Karies vorbeugen

Hilfe, Karies hat wieder zugeschlagen! Jeder kennt es, keiner will es, diese Löcher in den Zähnen. Diese entstehen durch diese fiesen Kariesbakterien. Aber warum? Zufall?

Karies entsteht durch Übersäuerung des Körpers. Dazu muss der Zucker nicht mal direkt an den Zahn kommen. Zähne dürfen in diesem Fall nicht isoliert gesehen werden. Übersäuerung entsteht durch zu viel Fleisch, Milchprodukte, Reis, Nudeln, Zucker uvm. Wir essen einfach zu wenig Obst und Gemüse, das steht fest. Wenn wir es so nicht schaffen wäre eine gute Idee es in Form von Smoothies oder frisch gepressten Säften auszugleichen. Vor allem Kinder lieben Smoothies aller Arten und zwar viel lieber als zuckrigen säuernden Pudding. Es ist nur eine Sache der Gewohnheit.

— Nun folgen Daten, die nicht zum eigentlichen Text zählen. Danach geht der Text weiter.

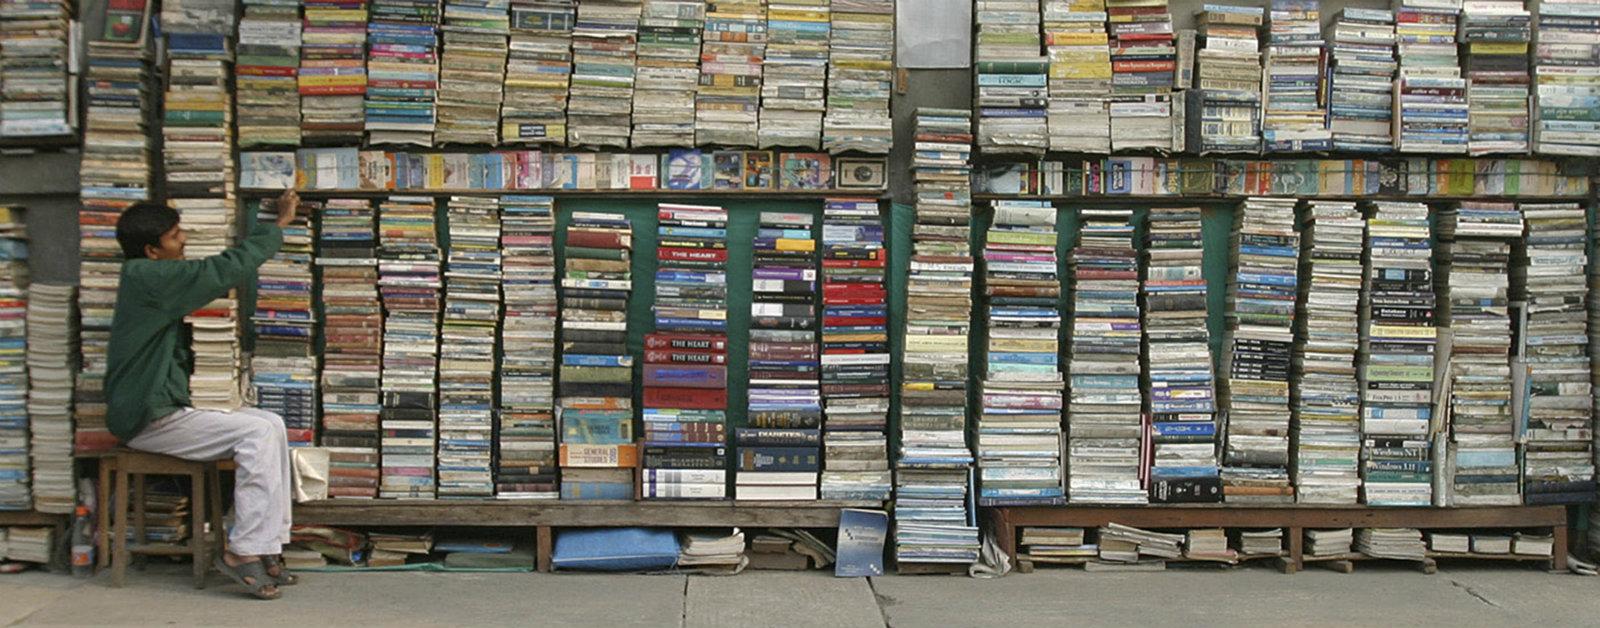 India-Business-Books
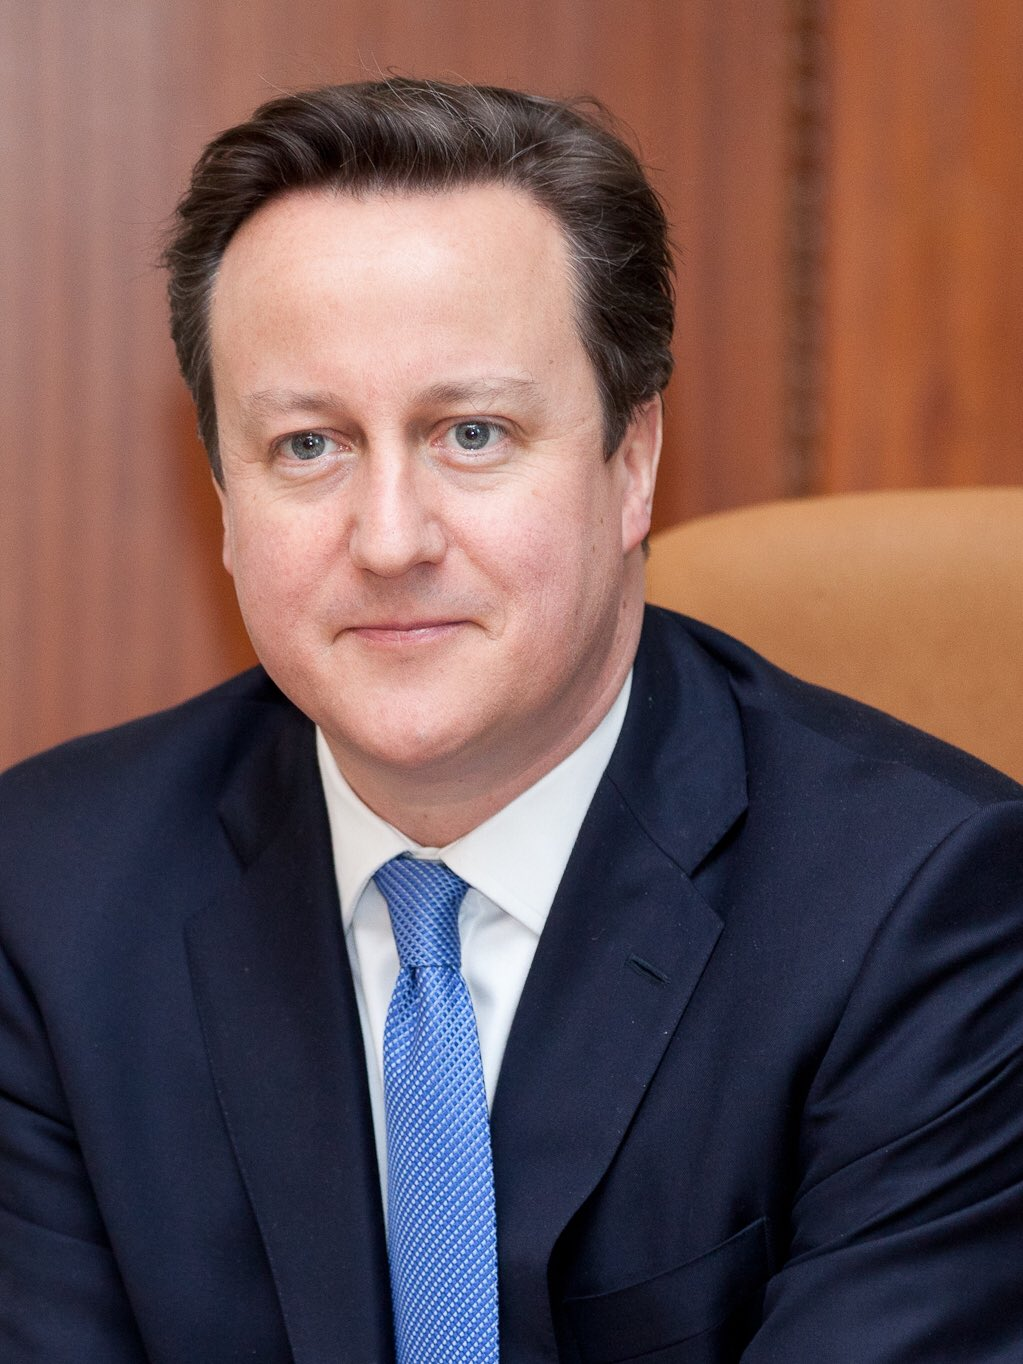 Happy birthday Prime Minister David Cameron!

Dazu sollte man ausreichend Kalzium zu sich nehmen, nicht in Form von Kuhmilchprodukten, denn diese haben eine unausgewogene Kalzium-Magnesium-Balance, diese ist eher für Kälber gedacht mit mehr als einen Magen und führt deshalb zu Kalziummangel und in Folge sogar zu Zahnverlust (Ich kenne einige zahnlose extreme "Kuh-Milchfreunde") ,,, 

Gut verwertbares Kalzium haben indessen Schaf- und Ziegenmilchprodukte. Am meisten Kalzium hat aber schwarzer Sesam, dazu ausgezeichnet verwertbar! Im Ayurveda wird er vor allem für starke, weiße Zähne genommen. 1 EL pro Tag würde reichen. Oder einfach zu einem Smoothie zufügen. 100 g enthalten sagenhafte 2000 mg Kalzium. Auch weißer Sesam ist geeignet, er enthält aber nur die Hälfte.  Es gibt auch noch eine besonders reichhaltige Kalziumquelle: Die Kalziumalge Lith. Calcareum, sicher im Wachstum keine schlechte Idee gegen schwache Knochen und Zähne. Wichtig für die Aufnahme von Kalzium ist eine ausreichende Bildung von Magensäure, daher nicht zum Essen Wasser trinken, erst 2 Stunden davor oder 2 Stunden danach. Sonst wird die Magensäure viel zu sehr verdünnt. In schweren Magensäuremangelfällen kann Betain-HCL Magensäure eingenommen werden. Immer nach dem Essen, am besten wenn Proteine dabei sind! Ich empfehle ausschließlich Betain-HCL aus dem Clarkshop, da nicht verunreinigt.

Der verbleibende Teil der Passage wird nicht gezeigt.